What you should do: Tell how many lines contain the string "Park" in the material underneath; the reply is that number and no more.

Materials provided:
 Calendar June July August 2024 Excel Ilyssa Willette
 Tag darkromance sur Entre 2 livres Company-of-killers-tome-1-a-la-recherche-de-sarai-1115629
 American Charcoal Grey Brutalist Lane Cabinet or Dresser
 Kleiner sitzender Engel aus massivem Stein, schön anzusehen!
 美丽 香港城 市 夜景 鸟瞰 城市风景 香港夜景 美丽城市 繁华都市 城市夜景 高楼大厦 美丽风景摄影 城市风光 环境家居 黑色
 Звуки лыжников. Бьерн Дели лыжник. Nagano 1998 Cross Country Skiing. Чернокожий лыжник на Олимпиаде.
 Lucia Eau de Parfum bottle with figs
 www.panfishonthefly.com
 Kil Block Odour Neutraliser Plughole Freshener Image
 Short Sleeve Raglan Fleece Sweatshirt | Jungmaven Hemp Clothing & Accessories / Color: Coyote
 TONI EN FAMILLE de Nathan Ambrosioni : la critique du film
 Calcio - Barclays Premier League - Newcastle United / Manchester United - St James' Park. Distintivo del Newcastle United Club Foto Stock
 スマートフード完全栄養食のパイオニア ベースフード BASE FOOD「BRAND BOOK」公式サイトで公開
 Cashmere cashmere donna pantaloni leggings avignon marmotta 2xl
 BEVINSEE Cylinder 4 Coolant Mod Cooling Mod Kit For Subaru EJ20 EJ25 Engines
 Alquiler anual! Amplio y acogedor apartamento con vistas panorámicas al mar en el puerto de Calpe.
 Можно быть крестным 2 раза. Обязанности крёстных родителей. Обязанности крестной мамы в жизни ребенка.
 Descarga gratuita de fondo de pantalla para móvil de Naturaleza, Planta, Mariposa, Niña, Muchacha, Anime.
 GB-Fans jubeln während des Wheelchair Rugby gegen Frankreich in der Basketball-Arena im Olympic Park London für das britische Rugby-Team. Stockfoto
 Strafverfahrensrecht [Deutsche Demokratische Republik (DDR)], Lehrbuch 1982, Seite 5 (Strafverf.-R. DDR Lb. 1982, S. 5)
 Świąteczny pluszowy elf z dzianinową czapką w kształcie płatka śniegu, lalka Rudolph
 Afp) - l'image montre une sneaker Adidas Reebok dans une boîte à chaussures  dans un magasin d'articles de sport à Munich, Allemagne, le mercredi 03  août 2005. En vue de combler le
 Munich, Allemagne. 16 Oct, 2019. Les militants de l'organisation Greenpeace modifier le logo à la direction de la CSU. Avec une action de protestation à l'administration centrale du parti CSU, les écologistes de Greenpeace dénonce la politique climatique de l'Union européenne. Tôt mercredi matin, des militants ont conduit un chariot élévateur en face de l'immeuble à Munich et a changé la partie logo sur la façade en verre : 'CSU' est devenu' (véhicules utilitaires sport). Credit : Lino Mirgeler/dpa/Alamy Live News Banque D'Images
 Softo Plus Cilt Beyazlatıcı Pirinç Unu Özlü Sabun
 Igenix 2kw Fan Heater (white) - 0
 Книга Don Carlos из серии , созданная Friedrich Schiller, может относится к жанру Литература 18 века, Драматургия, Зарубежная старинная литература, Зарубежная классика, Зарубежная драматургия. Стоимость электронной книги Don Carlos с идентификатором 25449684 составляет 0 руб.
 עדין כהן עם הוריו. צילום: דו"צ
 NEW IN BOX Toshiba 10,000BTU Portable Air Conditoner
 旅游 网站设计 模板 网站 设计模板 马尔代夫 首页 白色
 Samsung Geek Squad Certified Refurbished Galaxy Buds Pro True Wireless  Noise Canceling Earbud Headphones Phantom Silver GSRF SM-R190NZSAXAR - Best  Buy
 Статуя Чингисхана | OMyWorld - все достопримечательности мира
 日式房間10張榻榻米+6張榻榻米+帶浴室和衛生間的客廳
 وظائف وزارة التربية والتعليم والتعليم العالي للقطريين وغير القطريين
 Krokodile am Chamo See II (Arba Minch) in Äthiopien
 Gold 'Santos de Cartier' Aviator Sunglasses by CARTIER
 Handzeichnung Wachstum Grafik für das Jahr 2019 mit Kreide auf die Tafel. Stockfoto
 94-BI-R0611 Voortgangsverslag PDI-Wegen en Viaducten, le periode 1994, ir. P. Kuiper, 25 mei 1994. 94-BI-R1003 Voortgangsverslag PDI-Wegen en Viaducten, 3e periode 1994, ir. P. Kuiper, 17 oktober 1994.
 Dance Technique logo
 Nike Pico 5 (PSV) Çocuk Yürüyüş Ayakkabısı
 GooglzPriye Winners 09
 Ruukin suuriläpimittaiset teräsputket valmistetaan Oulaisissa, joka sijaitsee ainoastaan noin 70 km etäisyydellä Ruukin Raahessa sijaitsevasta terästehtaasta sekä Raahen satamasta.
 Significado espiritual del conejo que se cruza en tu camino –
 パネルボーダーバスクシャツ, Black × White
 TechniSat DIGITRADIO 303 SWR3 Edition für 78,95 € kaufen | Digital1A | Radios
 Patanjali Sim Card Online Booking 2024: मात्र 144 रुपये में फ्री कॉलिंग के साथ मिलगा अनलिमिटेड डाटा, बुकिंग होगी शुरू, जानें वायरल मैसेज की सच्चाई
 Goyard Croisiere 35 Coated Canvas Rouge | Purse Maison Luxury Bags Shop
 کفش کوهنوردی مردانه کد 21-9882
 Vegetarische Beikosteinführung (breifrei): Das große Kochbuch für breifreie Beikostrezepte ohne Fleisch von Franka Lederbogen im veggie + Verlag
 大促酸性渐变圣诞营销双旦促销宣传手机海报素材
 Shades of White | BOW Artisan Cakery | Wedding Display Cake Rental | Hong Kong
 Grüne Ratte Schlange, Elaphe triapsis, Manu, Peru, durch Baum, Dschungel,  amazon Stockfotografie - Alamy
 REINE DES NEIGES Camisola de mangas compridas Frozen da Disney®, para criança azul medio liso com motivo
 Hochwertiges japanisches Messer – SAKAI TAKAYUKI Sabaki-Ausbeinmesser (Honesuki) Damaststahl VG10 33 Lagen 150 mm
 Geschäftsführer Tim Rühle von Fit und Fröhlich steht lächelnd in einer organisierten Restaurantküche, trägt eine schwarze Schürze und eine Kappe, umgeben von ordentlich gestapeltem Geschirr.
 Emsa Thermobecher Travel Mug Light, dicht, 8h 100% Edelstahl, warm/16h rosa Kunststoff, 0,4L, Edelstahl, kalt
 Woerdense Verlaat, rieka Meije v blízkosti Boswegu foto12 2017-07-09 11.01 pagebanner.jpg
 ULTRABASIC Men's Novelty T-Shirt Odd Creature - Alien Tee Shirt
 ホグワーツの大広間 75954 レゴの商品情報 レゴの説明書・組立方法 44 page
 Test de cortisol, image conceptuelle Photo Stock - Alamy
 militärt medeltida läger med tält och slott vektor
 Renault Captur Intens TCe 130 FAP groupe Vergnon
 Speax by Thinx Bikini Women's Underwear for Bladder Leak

Output of the exercise: 2